### Activity:
Look below for the line holding "flexible radical Potencial" and the line holding "中顶库存管理系统_v7.7_32位中文共享软件(27.21 MB)". Transcribe exactly those lines and all lines between them, nothing more.

Data for review section start

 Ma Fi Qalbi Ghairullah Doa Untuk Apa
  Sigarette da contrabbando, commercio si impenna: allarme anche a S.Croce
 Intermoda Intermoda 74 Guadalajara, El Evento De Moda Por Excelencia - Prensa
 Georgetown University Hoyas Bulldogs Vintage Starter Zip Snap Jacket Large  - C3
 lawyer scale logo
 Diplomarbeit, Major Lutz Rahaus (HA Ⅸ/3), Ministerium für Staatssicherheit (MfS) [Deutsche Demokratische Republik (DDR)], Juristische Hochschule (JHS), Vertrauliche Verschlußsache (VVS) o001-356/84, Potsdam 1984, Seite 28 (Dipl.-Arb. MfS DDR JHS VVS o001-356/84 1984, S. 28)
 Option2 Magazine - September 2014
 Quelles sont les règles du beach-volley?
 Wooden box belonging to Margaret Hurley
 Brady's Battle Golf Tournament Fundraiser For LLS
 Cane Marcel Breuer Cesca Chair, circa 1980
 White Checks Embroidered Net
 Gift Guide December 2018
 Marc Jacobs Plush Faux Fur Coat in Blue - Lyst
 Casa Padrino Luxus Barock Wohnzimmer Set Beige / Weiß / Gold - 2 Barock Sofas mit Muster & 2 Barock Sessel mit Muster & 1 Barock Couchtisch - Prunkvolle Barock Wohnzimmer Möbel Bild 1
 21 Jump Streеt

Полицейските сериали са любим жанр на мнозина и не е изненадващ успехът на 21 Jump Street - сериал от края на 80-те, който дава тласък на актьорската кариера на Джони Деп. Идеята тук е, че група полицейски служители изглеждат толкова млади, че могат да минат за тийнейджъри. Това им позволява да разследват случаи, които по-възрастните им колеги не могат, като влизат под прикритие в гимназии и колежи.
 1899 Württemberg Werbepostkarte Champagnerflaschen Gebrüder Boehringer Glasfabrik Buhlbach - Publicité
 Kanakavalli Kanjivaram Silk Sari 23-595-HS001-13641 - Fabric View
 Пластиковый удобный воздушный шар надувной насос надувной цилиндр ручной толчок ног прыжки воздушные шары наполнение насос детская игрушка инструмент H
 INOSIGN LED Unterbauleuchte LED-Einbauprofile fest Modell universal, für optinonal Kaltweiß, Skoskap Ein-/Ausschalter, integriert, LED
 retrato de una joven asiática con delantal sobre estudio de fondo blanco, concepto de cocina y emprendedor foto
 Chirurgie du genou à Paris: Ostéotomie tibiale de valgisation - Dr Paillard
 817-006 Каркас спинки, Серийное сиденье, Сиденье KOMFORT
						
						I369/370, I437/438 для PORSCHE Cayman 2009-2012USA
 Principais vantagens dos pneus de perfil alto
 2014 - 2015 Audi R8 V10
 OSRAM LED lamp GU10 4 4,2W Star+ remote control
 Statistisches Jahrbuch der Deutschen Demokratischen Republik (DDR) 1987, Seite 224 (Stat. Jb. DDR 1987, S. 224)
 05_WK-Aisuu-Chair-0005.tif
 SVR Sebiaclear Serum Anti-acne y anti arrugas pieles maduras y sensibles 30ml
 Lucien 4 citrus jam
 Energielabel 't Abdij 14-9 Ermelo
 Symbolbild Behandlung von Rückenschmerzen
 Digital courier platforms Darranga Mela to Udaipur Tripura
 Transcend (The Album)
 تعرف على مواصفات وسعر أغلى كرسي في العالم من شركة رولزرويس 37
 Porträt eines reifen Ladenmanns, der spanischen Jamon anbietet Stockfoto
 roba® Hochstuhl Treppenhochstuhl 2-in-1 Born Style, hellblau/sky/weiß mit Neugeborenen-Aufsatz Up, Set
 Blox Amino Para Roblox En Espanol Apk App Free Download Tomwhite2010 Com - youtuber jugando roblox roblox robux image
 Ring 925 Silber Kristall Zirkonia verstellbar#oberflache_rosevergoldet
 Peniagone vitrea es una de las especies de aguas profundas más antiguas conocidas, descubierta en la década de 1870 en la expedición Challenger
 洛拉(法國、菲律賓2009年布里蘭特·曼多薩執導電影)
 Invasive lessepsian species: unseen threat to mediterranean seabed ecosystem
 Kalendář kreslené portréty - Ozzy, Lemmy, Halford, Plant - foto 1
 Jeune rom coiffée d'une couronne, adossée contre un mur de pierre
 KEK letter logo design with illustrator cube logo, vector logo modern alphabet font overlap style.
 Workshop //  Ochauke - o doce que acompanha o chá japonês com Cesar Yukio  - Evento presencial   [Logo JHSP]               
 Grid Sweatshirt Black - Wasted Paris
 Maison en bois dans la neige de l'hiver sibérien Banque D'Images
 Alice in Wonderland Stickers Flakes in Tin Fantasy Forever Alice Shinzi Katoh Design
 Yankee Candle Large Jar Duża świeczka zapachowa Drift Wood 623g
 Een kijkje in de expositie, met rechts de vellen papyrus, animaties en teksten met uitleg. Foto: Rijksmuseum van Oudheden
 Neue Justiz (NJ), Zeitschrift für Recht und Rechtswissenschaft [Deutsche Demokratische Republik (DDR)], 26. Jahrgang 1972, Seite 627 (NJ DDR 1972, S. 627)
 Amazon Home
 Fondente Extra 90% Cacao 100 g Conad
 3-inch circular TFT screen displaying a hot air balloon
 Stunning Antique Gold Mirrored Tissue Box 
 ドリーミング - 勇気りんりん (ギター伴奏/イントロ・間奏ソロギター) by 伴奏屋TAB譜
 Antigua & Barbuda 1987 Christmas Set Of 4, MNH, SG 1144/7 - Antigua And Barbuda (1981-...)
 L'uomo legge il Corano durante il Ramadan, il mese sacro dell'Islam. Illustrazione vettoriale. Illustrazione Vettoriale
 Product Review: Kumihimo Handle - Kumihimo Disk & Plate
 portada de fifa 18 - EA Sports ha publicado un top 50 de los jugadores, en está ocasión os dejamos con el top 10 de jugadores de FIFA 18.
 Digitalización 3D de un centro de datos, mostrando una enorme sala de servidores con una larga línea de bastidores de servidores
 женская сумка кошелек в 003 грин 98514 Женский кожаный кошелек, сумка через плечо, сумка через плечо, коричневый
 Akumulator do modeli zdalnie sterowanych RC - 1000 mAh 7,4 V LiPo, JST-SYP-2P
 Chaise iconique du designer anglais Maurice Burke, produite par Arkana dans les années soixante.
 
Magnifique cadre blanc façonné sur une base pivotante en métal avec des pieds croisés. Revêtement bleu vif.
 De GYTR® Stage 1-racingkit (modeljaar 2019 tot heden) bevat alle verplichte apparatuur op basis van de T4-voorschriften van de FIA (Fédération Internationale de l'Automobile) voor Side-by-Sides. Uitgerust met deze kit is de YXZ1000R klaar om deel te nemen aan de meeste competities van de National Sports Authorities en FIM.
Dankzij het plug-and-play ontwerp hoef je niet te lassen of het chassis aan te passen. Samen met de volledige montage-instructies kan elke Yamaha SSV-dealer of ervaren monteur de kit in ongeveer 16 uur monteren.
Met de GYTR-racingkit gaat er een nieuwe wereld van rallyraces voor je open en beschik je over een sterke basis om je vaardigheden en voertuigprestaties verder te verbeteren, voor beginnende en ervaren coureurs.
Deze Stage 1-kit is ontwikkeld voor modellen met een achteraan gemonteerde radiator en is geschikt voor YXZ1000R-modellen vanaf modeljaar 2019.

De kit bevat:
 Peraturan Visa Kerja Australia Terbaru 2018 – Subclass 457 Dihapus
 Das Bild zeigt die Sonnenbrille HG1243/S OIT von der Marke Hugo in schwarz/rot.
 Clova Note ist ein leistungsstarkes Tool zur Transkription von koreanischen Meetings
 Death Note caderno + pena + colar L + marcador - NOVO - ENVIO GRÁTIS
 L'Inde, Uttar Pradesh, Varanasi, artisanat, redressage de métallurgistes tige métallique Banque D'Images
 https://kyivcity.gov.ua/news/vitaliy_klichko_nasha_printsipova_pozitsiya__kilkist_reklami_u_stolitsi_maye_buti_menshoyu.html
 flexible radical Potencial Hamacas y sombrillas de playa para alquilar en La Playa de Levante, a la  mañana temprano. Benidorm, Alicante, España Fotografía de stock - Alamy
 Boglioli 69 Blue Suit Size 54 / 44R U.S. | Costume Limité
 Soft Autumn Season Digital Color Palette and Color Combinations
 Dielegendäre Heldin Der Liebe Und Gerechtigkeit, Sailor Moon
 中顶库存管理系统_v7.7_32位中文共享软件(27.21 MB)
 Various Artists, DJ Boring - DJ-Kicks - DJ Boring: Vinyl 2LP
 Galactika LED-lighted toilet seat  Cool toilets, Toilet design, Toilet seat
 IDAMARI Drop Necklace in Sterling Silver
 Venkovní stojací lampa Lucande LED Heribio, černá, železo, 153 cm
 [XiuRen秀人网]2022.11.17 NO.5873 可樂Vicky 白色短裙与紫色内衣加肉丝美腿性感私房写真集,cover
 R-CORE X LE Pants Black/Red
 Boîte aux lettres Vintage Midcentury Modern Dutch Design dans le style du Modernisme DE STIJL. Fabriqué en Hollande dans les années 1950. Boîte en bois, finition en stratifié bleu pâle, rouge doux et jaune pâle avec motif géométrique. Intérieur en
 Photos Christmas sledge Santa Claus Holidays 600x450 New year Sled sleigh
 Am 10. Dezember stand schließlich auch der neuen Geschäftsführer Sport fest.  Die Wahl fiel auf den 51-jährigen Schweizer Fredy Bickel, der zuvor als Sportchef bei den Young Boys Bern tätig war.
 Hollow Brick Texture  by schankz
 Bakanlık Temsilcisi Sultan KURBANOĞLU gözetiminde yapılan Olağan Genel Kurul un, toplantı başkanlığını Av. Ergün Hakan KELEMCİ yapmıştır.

Data for review section end

### Task response:
 flexible radical Potencial Hamacas y sombrillas de playa para alquilar en La Playa de Levante, a la  mañana temprano. Benidorm, Alicante, España Fotografía de stock - Alamy
 Boglioli 69 Blue Suit Size 54 / 44R U.S. | Costume Limité
 Soft Autumn Season Digital Color Palette and Color Combinations
 Dielegendäre Heldin Der Liebe Und Gerechtigkeit, Sailor Moon
 中顶库存管理系统_v7.7_32位中文共享软件(27.21 MB)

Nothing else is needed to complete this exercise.